Et je comprends enfin un truc. Tous ces regards méfiants en sport, toutes ces allusions étranges, le mot balancé en classe à David ramènent à mon orientation sexuelle qu'elles pensent avoir décodée. Mais ont-elle raison? Je n'en sais rien : ni les garçons ni les filles ne m'attirent. Je ne suis ni hétéro, ni homo, je ne suis rien pour le moment. Mais même si elles avaient mis le doigt sur une vérité, ce n'est pas ça qui me fait honte.

J'ai honte d'y avoir cru, d'avoir pensé un instant trouver une amie, quelqu'un comme moi. Mais non, personne n'a lu mon journal à part elles deux, et elles ont monté tout ce stratagème par pur plaisir sadique, puis le cour de sport a tout accéléré. Il vaut mieux que la déception arrive maintenant plutôt que dans un mois.
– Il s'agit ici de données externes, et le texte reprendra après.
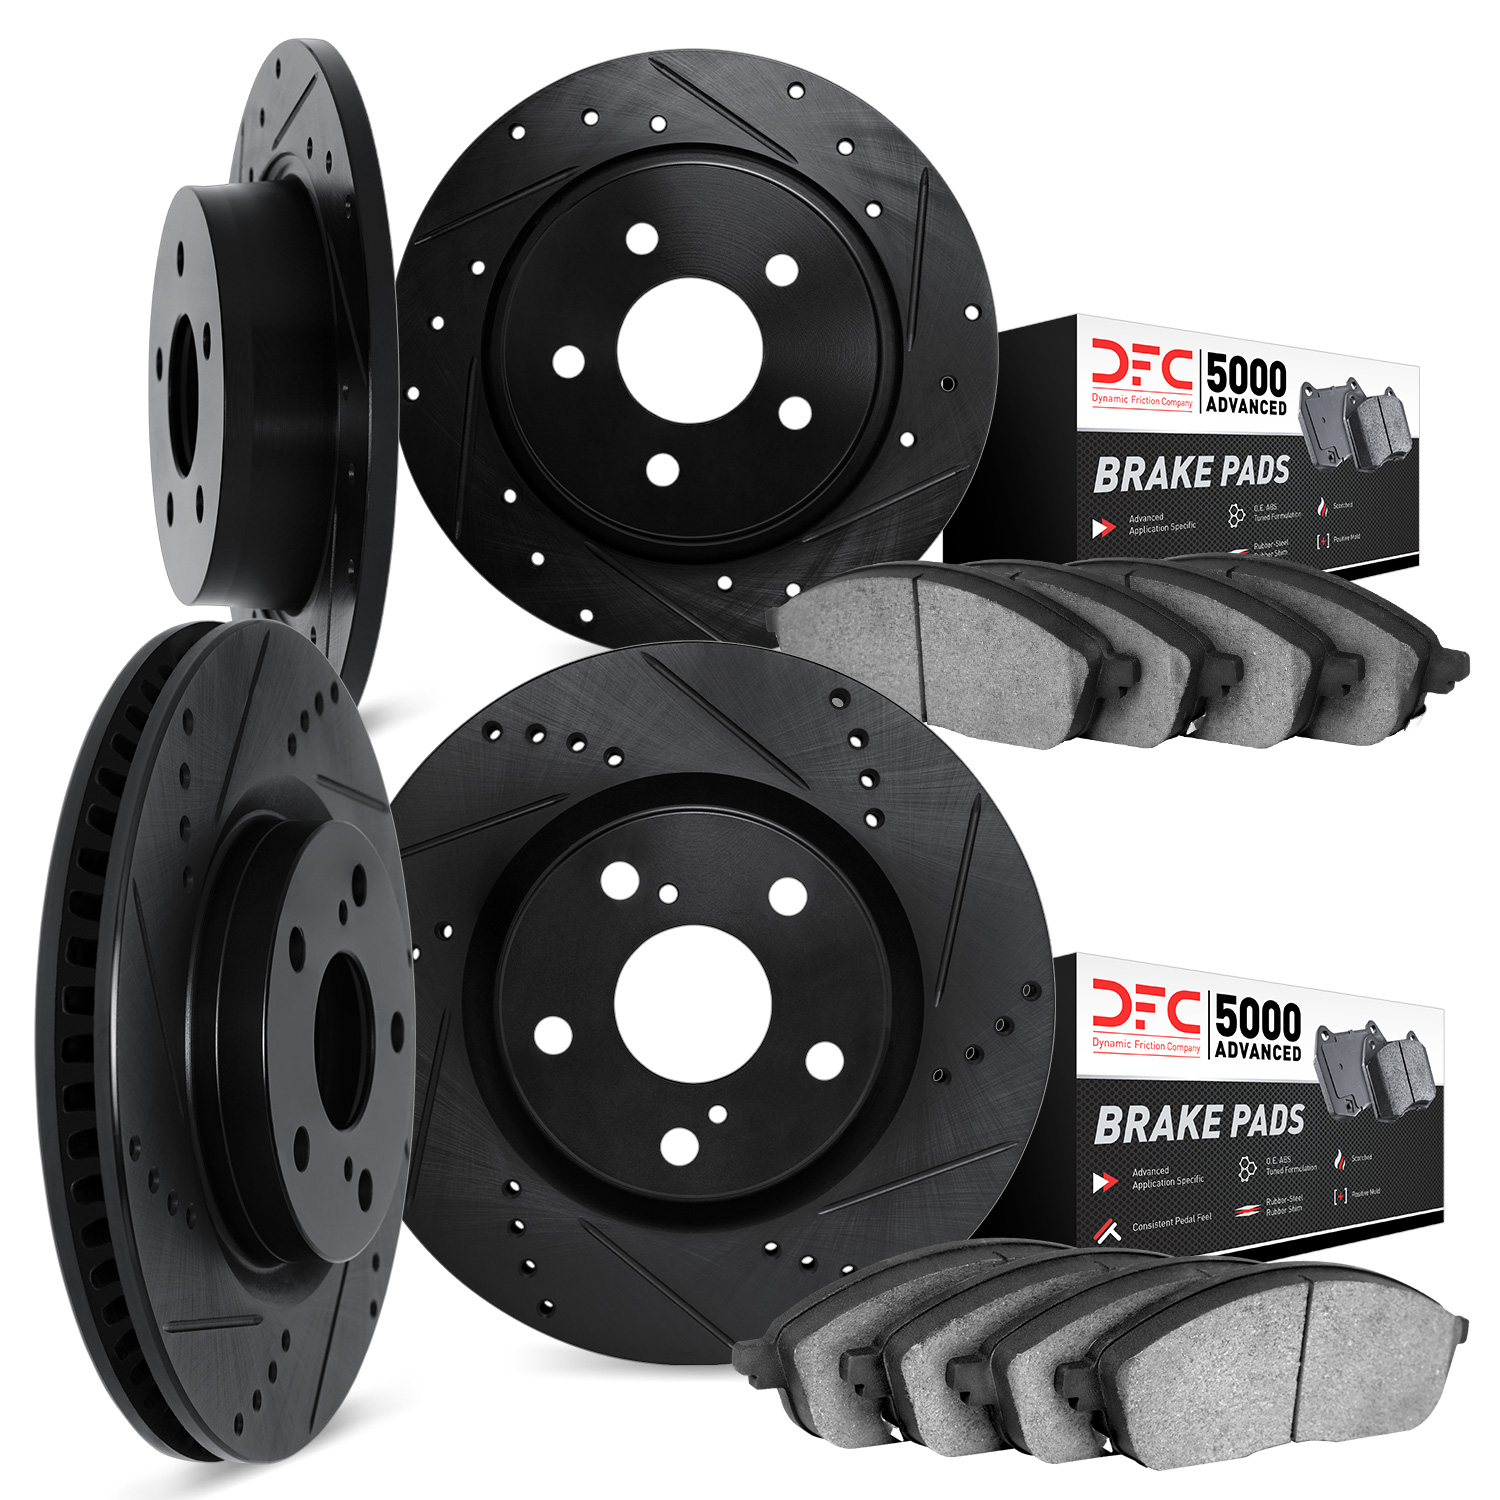 8504-54389 Drilled/Slotted Brake Rotors w/5000 Advanced Brake Pads Kit [Black], 2020-2020 Ford/Lincoln/Mercury/Mazda, Position:
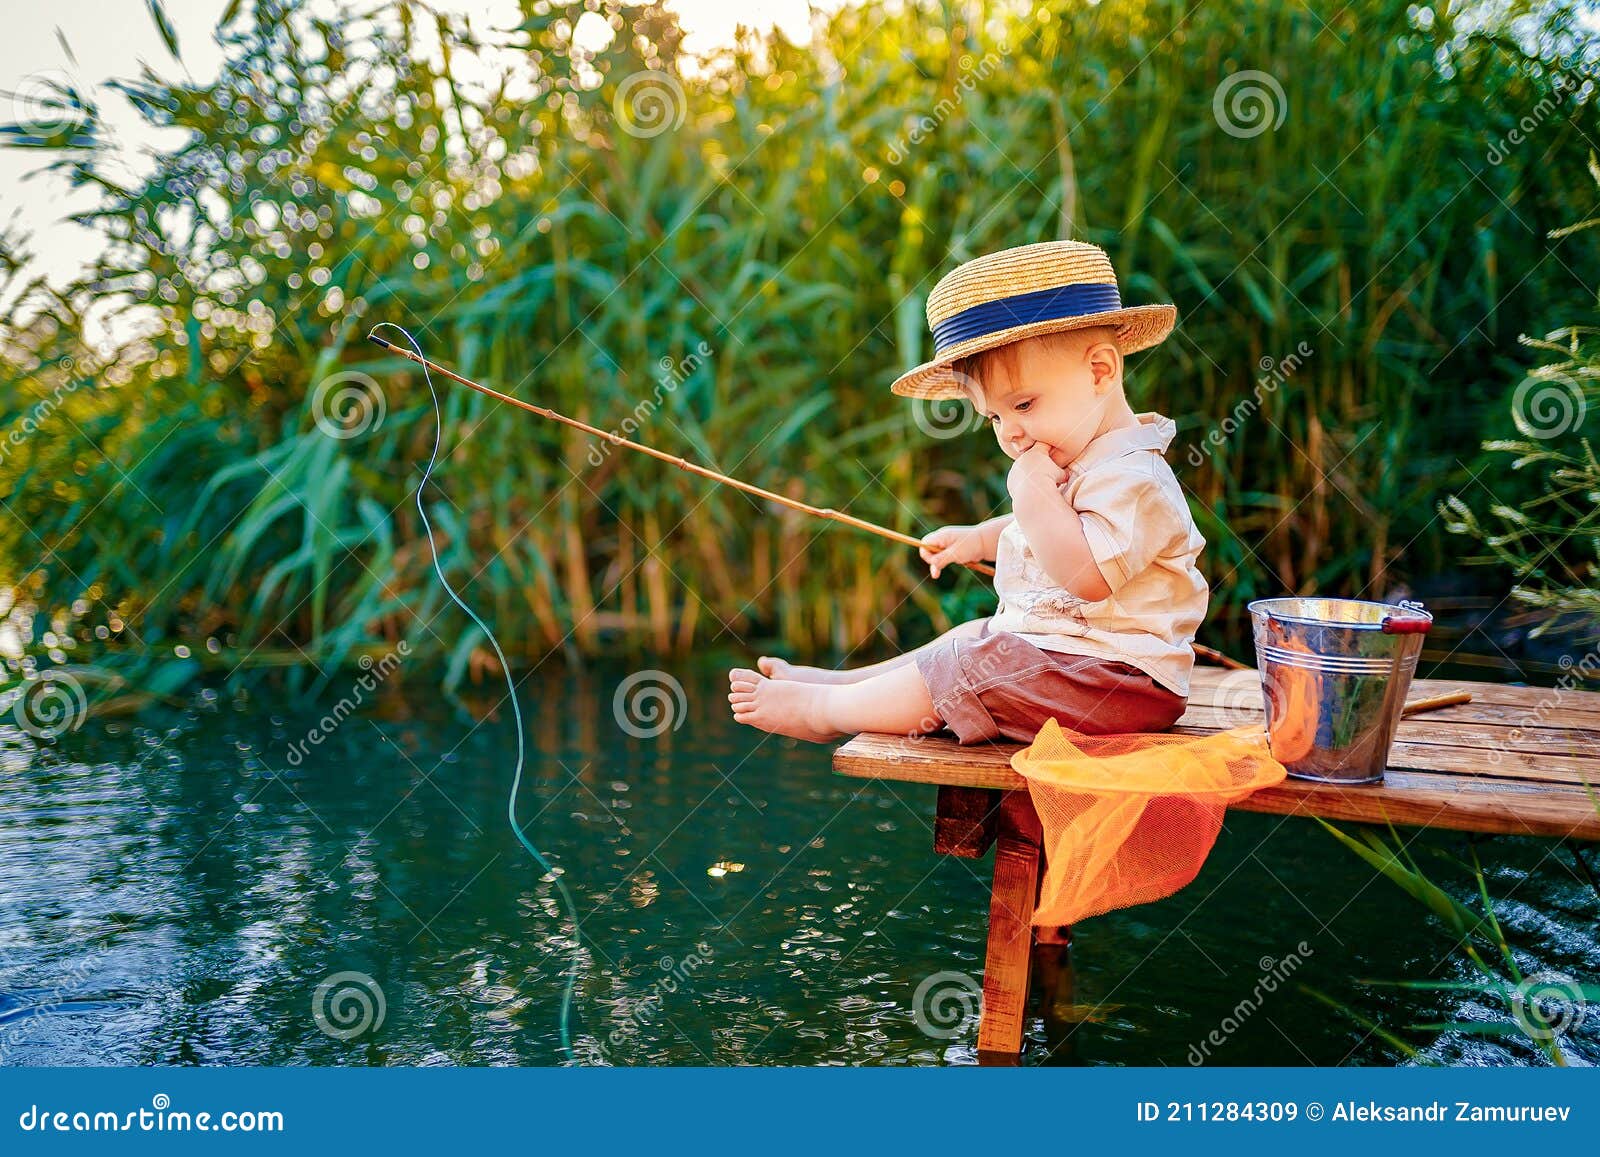 https://thumbs.dreamstime.com/z/little-boy-straw-hat-sitting-edge-wooden-dock-fishing-lake-sunset-211284309.jpg

Mais le pire est qu'elles ont tout filmé. Ça y est c'est officiel je suis un bouc émissaire. Qui va faire le buzz.

27 septembre 2012

JEUDI 27 SEPTEMBRE 13h20 : IRA, IRA PAS

Je ne sais toujours pas si je vais aller à ce rendez-vous incongru entre deux moches et grosses. Je préférerais rester dans l'ombre. Et ce dilemme me coupe encore une fois l'appétit. Le monstre, encore punie, m'a vu songeuse et est venue vers moi : « tu vas pas encore tout jeter, qu'est ce qui t'arrive? ». Puis elle est partie nettoyer des tables.

C'est bizarre, c'est comme si elle m'avait repérée. Elle a l'air de se souvenir que je bouffe comme quatre le midi et surtout que je ne mange plus rien depuis deux jours. D'habitude personne ne fait attention à moi. Elle ne doit avoir que ça à faire, de contrôler les assiettes. Tellement elle s'ennuie dans sa punition. Vivement qu'elle retourne à la caisse! Oups non ça c'est pas une bonne idée.

Non je pense que je vais pas y aller. Je ne sens pas tout ça. Trop mal à l'aise.